Records for the task:
******************************

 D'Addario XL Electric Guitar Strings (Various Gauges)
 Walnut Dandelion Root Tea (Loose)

******************************

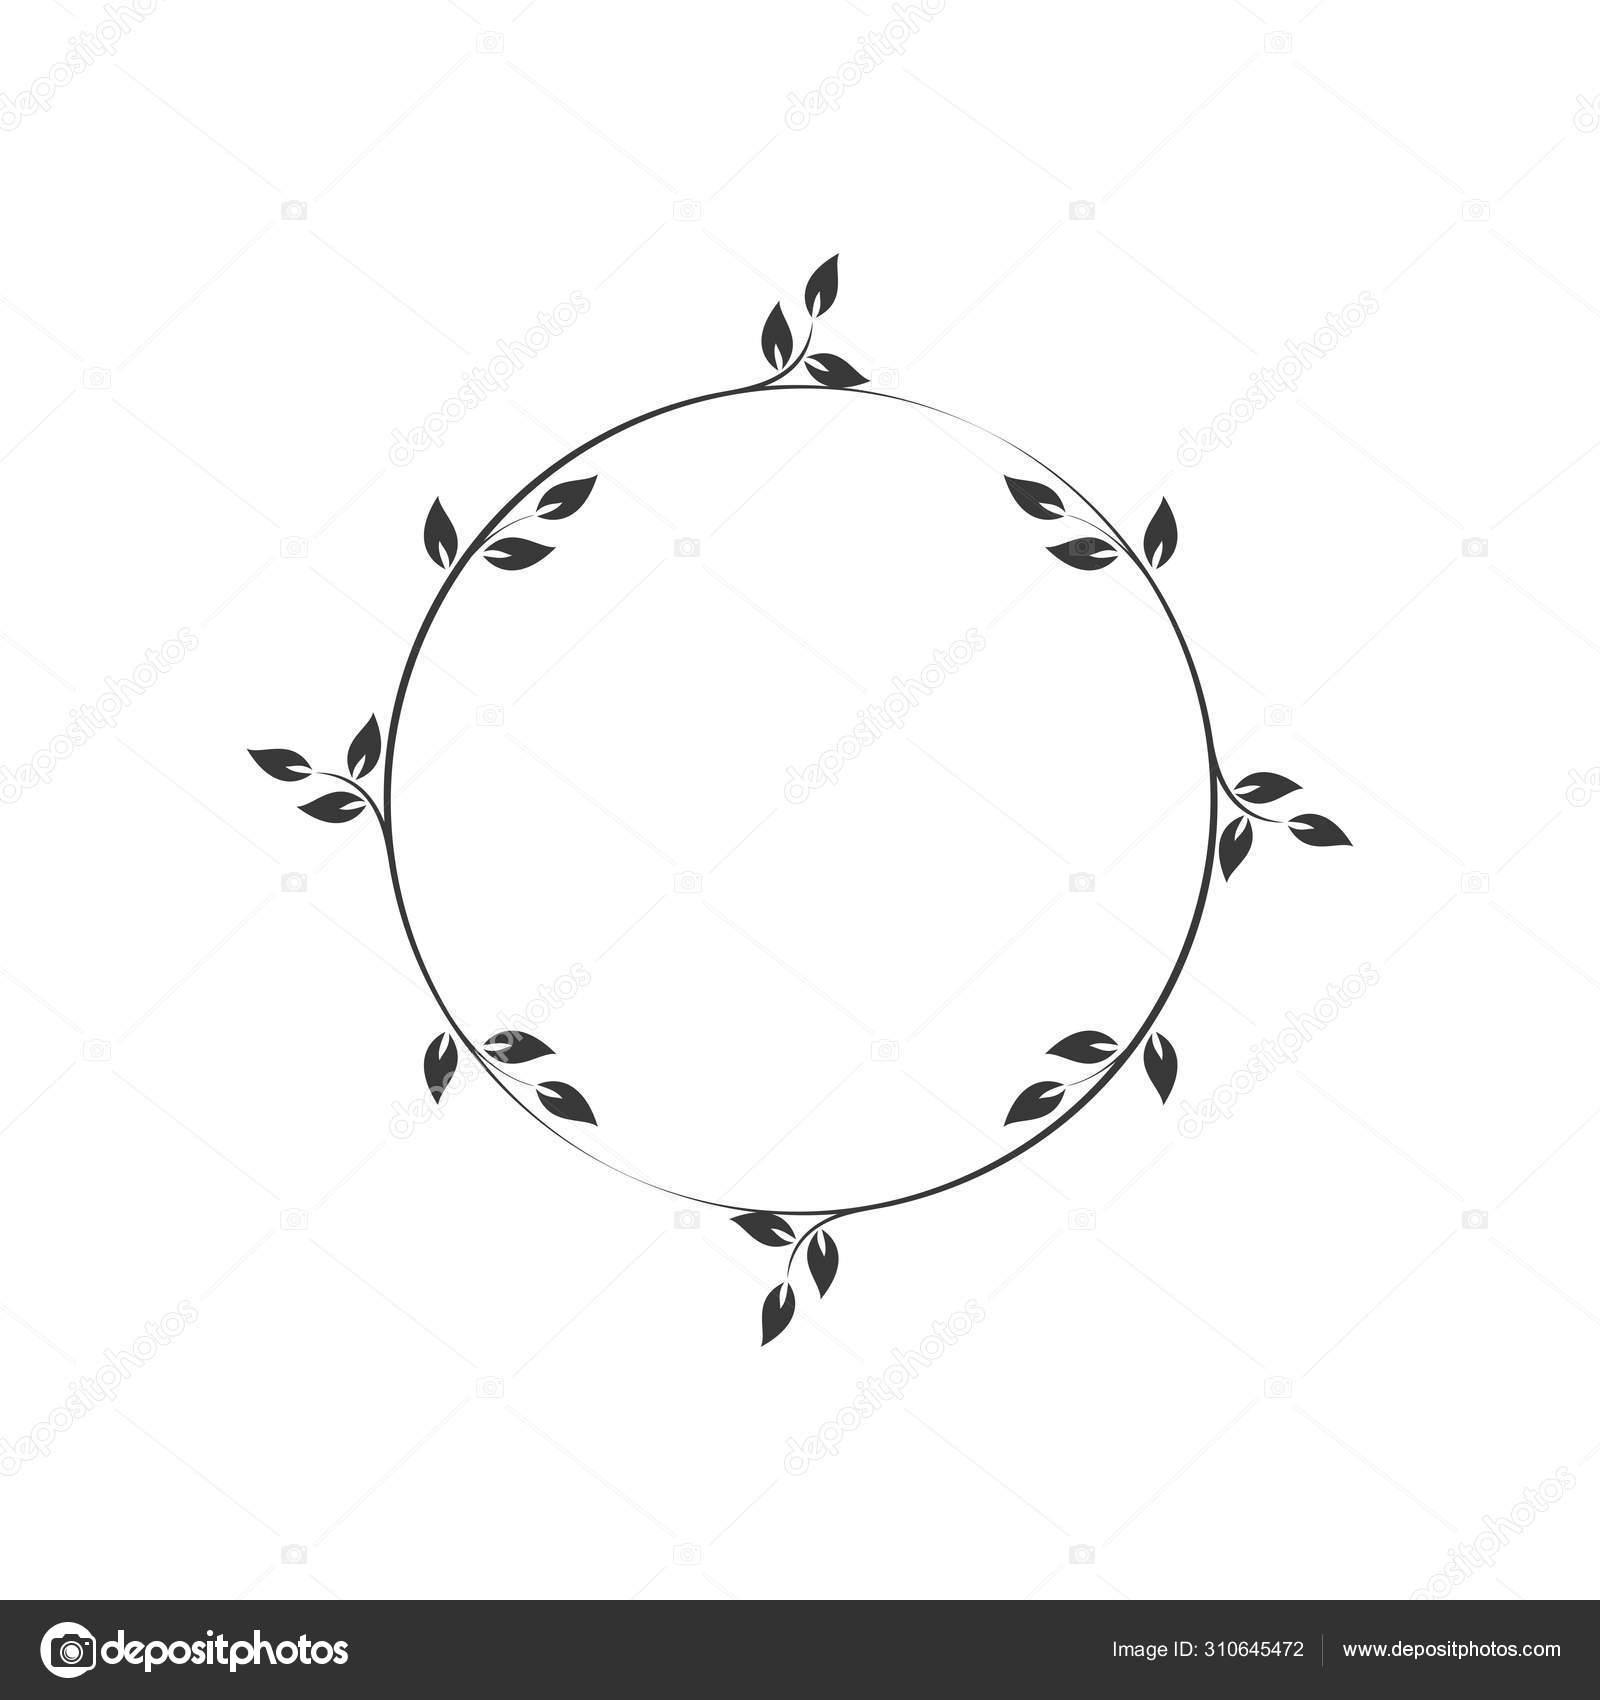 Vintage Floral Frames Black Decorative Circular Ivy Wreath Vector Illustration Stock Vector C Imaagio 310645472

******************************

Exercise directions:
Of all the entries above, output exactly the lines between the one holding "D'Addario XL Electric" and the one holding "Walnut Dandelion Root Tea (Loose)", inclusive.

Answer section:
 D'Addario XL Electric Guitar Strings (Various Gauges)
 Walnut Dandelion Root Tea (Loose)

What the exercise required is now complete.